Among the entries below, find the lines that hold the word "with" and report them.

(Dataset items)
+ + +

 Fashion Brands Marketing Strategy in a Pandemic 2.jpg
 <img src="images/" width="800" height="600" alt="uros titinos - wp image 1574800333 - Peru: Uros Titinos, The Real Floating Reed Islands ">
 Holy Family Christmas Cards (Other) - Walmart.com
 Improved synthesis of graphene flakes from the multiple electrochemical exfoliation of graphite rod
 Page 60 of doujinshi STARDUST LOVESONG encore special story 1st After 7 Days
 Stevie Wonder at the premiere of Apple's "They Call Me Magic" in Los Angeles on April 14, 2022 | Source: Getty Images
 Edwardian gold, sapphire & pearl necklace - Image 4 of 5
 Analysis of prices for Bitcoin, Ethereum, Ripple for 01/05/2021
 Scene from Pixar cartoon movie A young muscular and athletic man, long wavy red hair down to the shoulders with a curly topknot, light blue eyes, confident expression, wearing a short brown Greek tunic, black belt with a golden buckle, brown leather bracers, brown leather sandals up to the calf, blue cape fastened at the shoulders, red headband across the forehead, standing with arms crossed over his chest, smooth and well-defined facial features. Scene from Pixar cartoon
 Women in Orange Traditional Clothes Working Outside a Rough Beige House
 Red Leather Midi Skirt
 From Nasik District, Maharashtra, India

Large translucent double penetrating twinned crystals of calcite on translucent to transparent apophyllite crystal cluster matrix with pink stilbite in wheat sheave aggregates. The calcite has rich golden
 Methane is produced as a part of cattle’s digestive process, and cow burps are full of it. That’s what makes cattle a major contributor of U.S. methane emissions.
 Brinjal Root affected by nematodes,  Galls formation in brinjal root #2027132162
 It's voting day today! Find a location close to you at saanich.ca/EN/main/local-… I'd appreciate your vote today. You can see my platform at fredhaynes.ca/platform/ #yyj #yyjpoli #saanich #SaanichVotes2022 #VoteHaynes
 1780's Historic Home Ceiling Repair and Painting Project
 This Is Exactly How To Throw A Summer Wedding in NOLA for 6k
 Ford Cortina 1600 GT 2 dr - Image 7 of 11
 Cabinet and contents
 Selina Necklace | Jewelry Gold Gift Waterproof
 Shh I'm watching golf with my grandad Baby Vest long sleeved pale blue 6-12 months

+ + +

■ **TASK RESULT**
 Scene from Pixar cartoon movie A young muscular and athletic man, long wavy red hair down to the shoulders with a curly topknot, light blue eyes, confident expression, wearing a short brown Greek tunic, black belt with a golden buckle, brown leather bracers, brown leather sandals up to the calf, blue cape fastened at the shoulders, red headband across the forehead, standing with arms crossed over his chest, smooth and well-defined facial features. Scene from Pixar cartoon
Large translucent double penetrating twinned crystals of calcite on translucent to transparent apophyllite crystal cluster matrix with pink stilbite in wheat sheave aggregates. The calcite has rich golden
 Shh I'm watching golf with my grandad Baby Vest long sleeved pale blue 6-12 months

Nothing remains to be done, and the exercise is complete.